La bibliothèque de journaux. Il existe des cas qui soutiennent le problème dans le manque de modération. Discord, par exemple, a fait l'objet d'un examen minutieux pour son utilisation dans la planification d'événements tels que la marche « Unite the Right » à Charlottesville en 2017, la confession d'un suspect de meurtre ou l'organisation des tirs de masse.
Roblox, bien qu'il soit visé à un public pour enfants, a également été une nouvelle de la présence de pédophiles essayant de faire en sorte que le contact des mineurs puisse les exploiter sexuellement. Et dans le cas de plates-formes de transmission telles que Twitch, nous sommes également venus voir des tirs en direct.
Petites chambres. La difficulté réside dans le fait que, contrairement aux plateformes publiques, une grande partie de ces conversations se produisent dans des « petites salles de chat » qui sont inaccessibles à la plupart des chercheurs et au public. Les utilisateurs profitent également d'un argot en béton pour masquer les idées dangereuses, brouillant la ligne entre le jeu et la réalité.
Solution?

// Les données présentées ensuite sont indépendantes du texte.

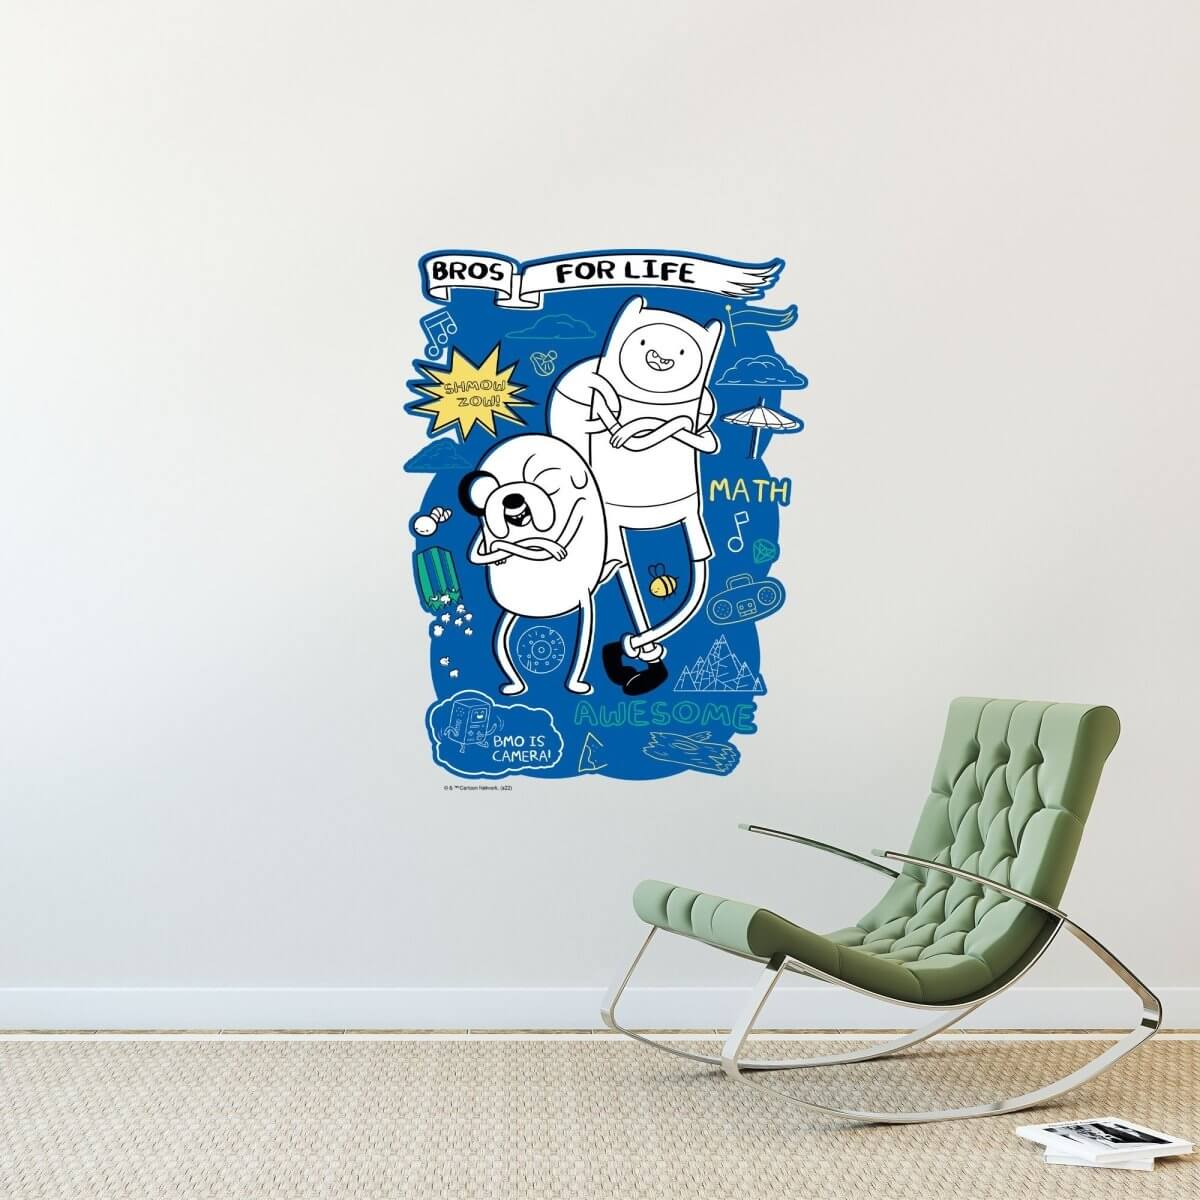 Kismet Decals Adventure Time Bros for Life Licensed Wall Sticker - Easy DIY Home & Kids Room Decor Wall Decal Art - Kismet Decals

Les plateformes prétendent investir dans les technologies de sécurité et les équipements de modération, mais l'ampleur du contenu généré et la nature des « Jarss » utilisés font que la tâche de détecter et d'éliminer le contenu nocif est comme « chercher une goutte dans l'océan ». Parce que la détection des termes clés ici est un monde
Bien qu'il soit important de souligner que la plupart des conversations sur la plate-forme sont totalement normales et constructives, couvrant des groupes où les utilisateurs se réunissent pour jouer aux forums sur le goût commun. Cependant, le risque de radicalisation et d'exploitation est réel, ce qui est venu sur ces plateformes commençant à être au centre de la conversation comme dans Washington DC, où les PDG de Discord, Steam, Twitch et Reddit ont déjà été invités à témoigner devant le Congrès sur cette radicalisation.